Suboptimal non-outer-dim tensor concat handling in dispatch region formation.

benvanik commented 1 year ago

Was noticing that some concats are getting turned into very inefficient sequences of operations today (effectively gathers that get split into one dispatch per gathered input). It'd be good to survey models in the benchmark suite to see what percentage of dispatches are from concats and how they end up getting lowered. I suspect models with FFTs/complex numbers/image data may be most impacted as that's usually where interleaving happens.
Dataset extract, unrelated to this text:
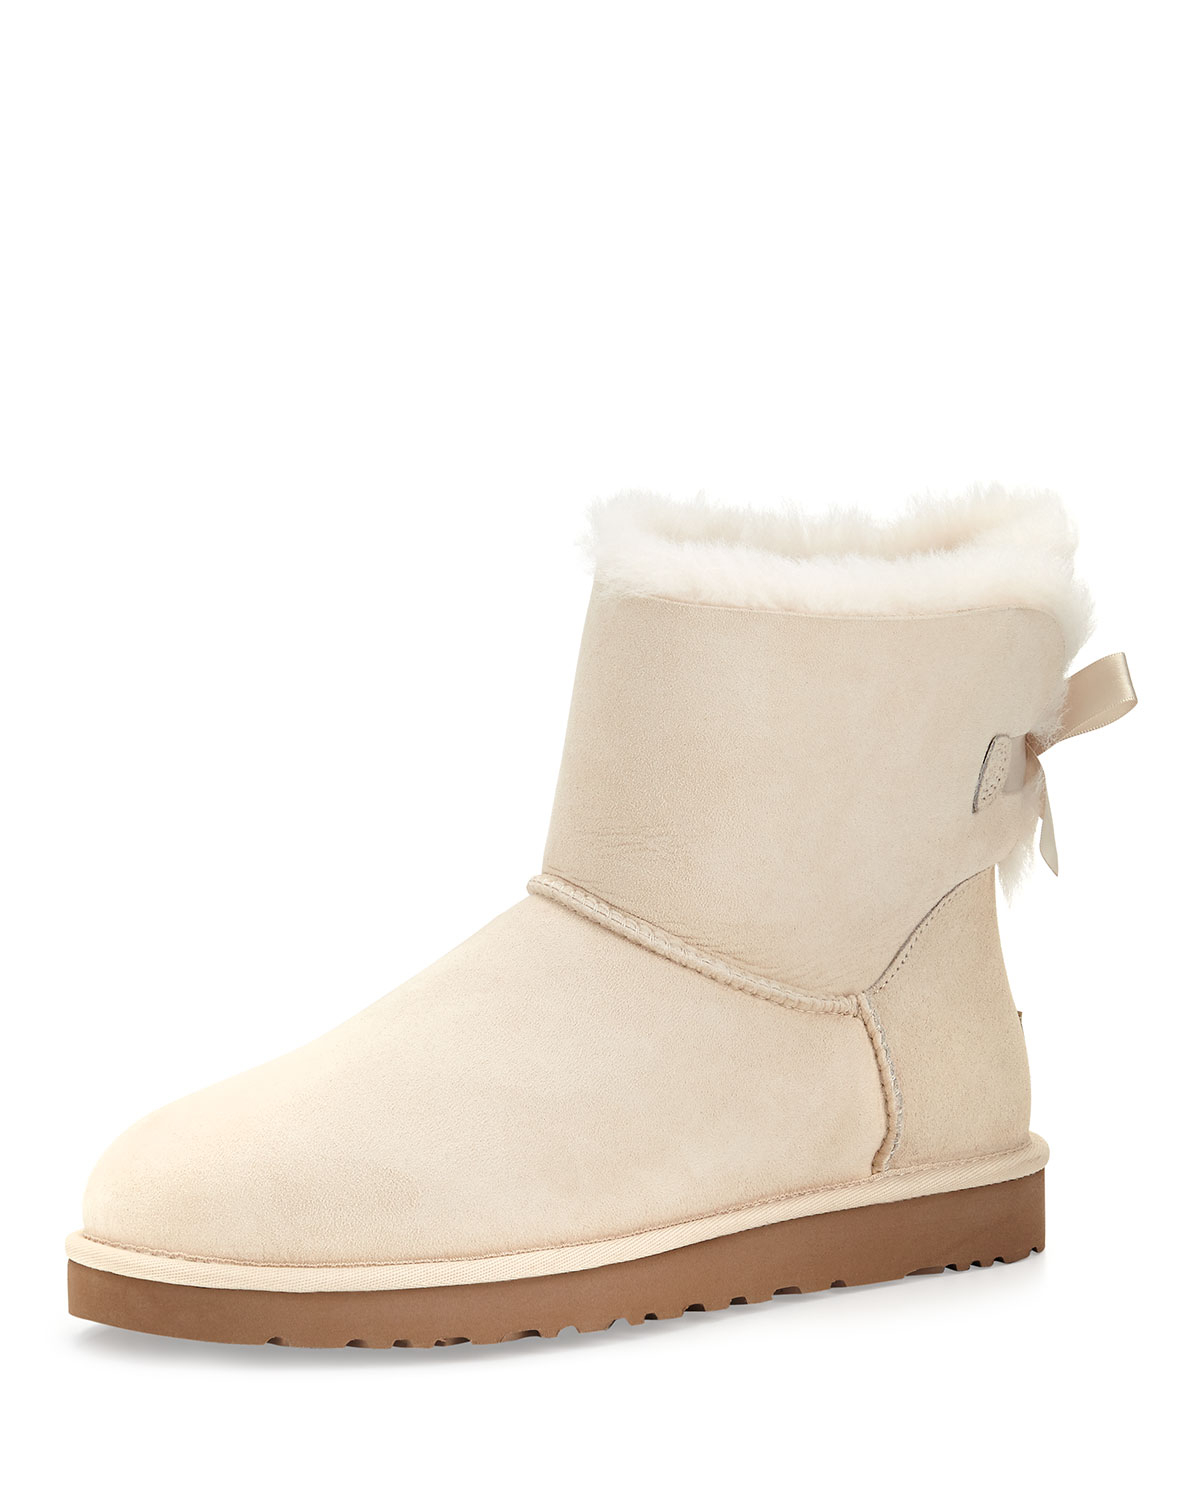 off white ugg boots 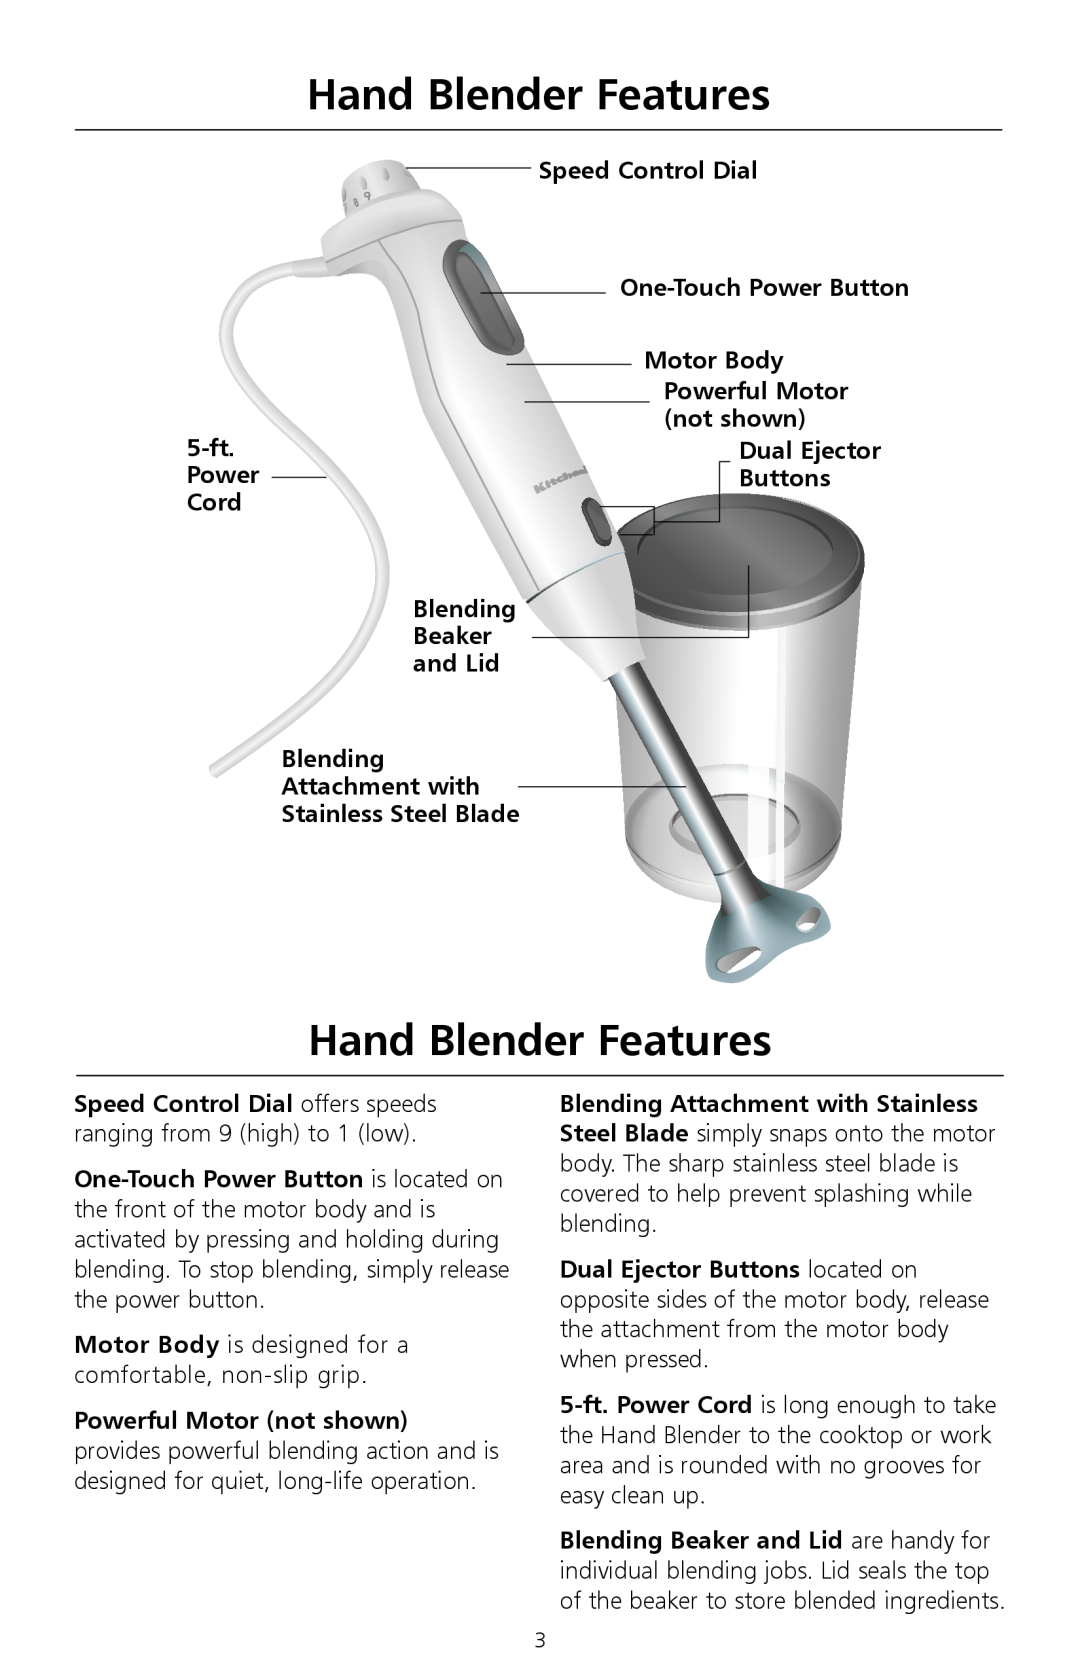 KitchenAid 5KHB100 Hand Blender Features, Speed Control Dial, One-Touch Power Button, Motor Body, Powerful Motor, 5-ft

We do properly handle outer dimension concats (they get turned into flow.tensor.update ops).

I wanted to get this tracked as it's something that won't stand out as a single slow dispatch in a % breakdown but instead add to the total dispatch count and latency. Models that have high latency, low utilization, and high dispatch counts should check to see if this is a cause. It'll be worse on GPUs where there is higher launch overhead. Maybe transform dialect will solve this - it'd be worth checking to see how these ops lower on that path.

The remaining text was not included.